# are these dogs pure bred



## Hossam (Mar 6, 2015)

Hi! I am about to buy a puppy in the couple coming days and I found this litter which the owner says it's a shiloh shepherd, whatever I believe it is a belgian shepherd , but i am somewhat concerning about the head shape especially that the mother has strange head shape which I can't make sure it's correct or disqualification.Also I am looking for a german shepherd with thick big muzzle and has no angled back and big size , I saw those puppies myself and they are better than these photos but I didn't have the chance to capture other pics for them so I am asking about experienced people opinions about those puppies.
here are pics of the some puppies and mother and father ( the father is the solid black one )
https://www.dropbox.com/home/litter


----------



## Jax08 (Feb 13, 2009)

Shiloh Shepherds are Shiloh Shepherds. They are not German Shepherds or Belgian Shepherds.


----------



## Hossam (Mar 6, 2015)

Jax08 said:


> Shiloh Shepherds are Shiloh Shepherds. They are not German Shepherds or Belgian Shepherds.


ok , what's your opinion about those dogs in photos


----------



## Emoore (Oct 9, 2002)

Can't see the photos; it's in your account.


----------



## gsdsar (May 21, 2002)

Can't view your private Dropbox. 

If you want a purebred with certain look, find a reputable breeder and know you are getting what you want. IMHO.


----------



## Hossam (Mar 6, 2015)

gsdsar said:


> Can't view your private Dropbox.
> 
> If you want a purebred with certain look, find a reputable breeder and know you are getting what you want. IMHO.


here are the photos


----------



## gsdsar (May 21, 2002)

They look like purebred GSD to me. The name Shiloh is held pretty tight by the founder of the "breed". So my bet is they call them that but they are not that. They look like coated GSD to me.


----------



## Hossam (Mar 6, 2015)

gsdsar said:


> They look like purebred GSD to me. The name Shiloh is held pretty tight by the founder of the "breed". So my bet is they call them that but they are not that. They look like coated GSD to me.


thanks for your help , but didn't you notice anything strange with the mother?


----------



## gsdsar (May 21, 2002)

No I didn't. Her muzzle is longer than I like and her ears bigger than norm. What do you mean?

They are NOT Belgian shepherds of any variation.


----------



## Hossam (Mar 6, 2015)

gsdsar said:


> No I didn't. Her muzzle is longer than I like and her ears bigger than norm. What do you mean?
> 
> They are NOT Belgian shepherds of any variation.

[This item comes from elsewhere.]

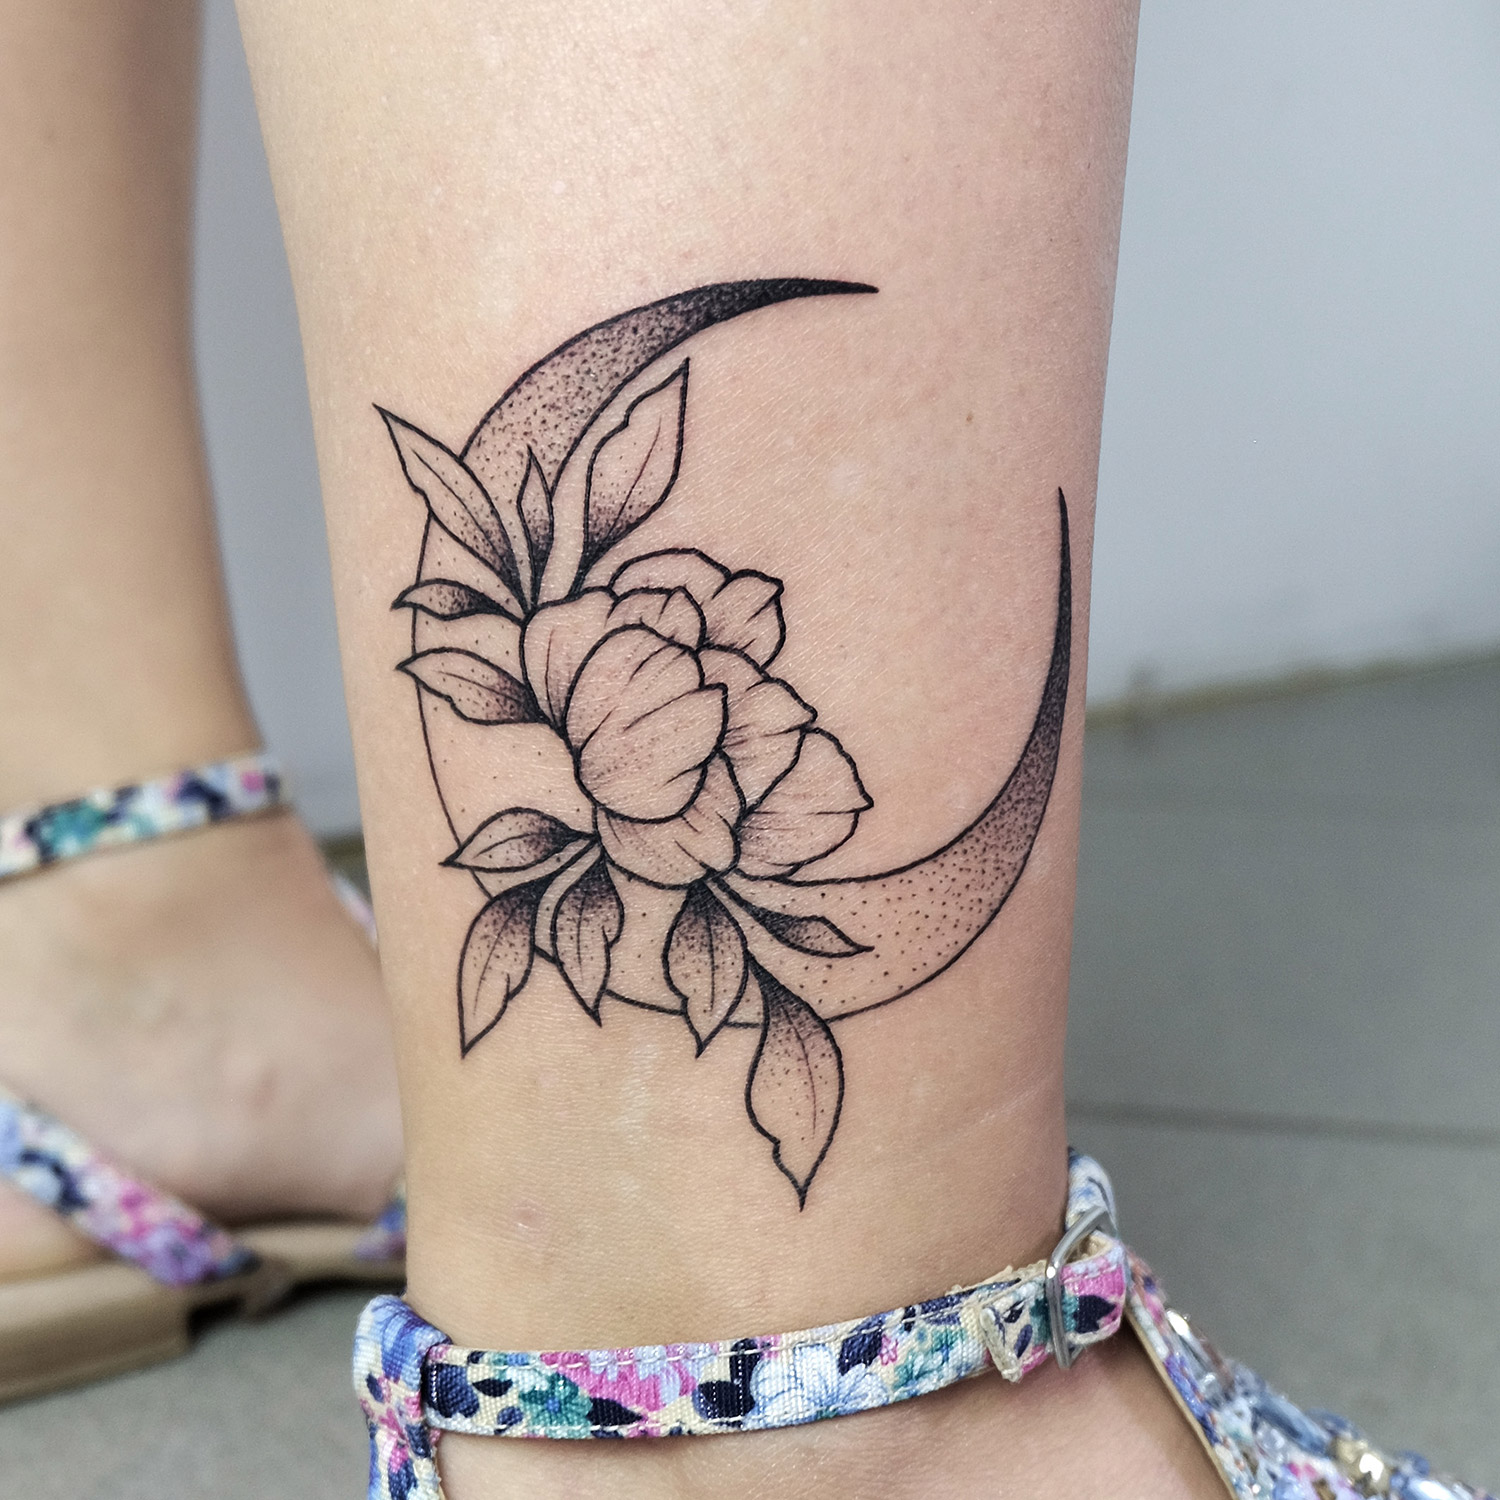 Hình Xăm Đẹp - tattoos ở chân cho nữ cực đẹp | Facebook

do you think the puppies in the pics will have the same shape as their mother or as theiir father?


----------



## huntergreen (Jun 28, 2012)

i would google some pics of shilo shepherds and see if you think they are shilo. you could also google the shilo shepherds and find the shilo club and see if the breeder is a registered breeder. they seem, on paper anyway, to have a pretty strict code. i know a hoarse trainer that always has her shilo with her. very nice docile dog. great with special kids. as jax said though, they are not german shepherd dogs.


----------



## Emoore (Oct 9, 2002)

Hossam said:


> do you think the puppies in the pics will have the same shape as their mother or as theiir father?


That's impossible to predict


----------



## Lykoz (Dec 6, 2014)

Emoore said:


> That's impossible to predict


+1.....


----------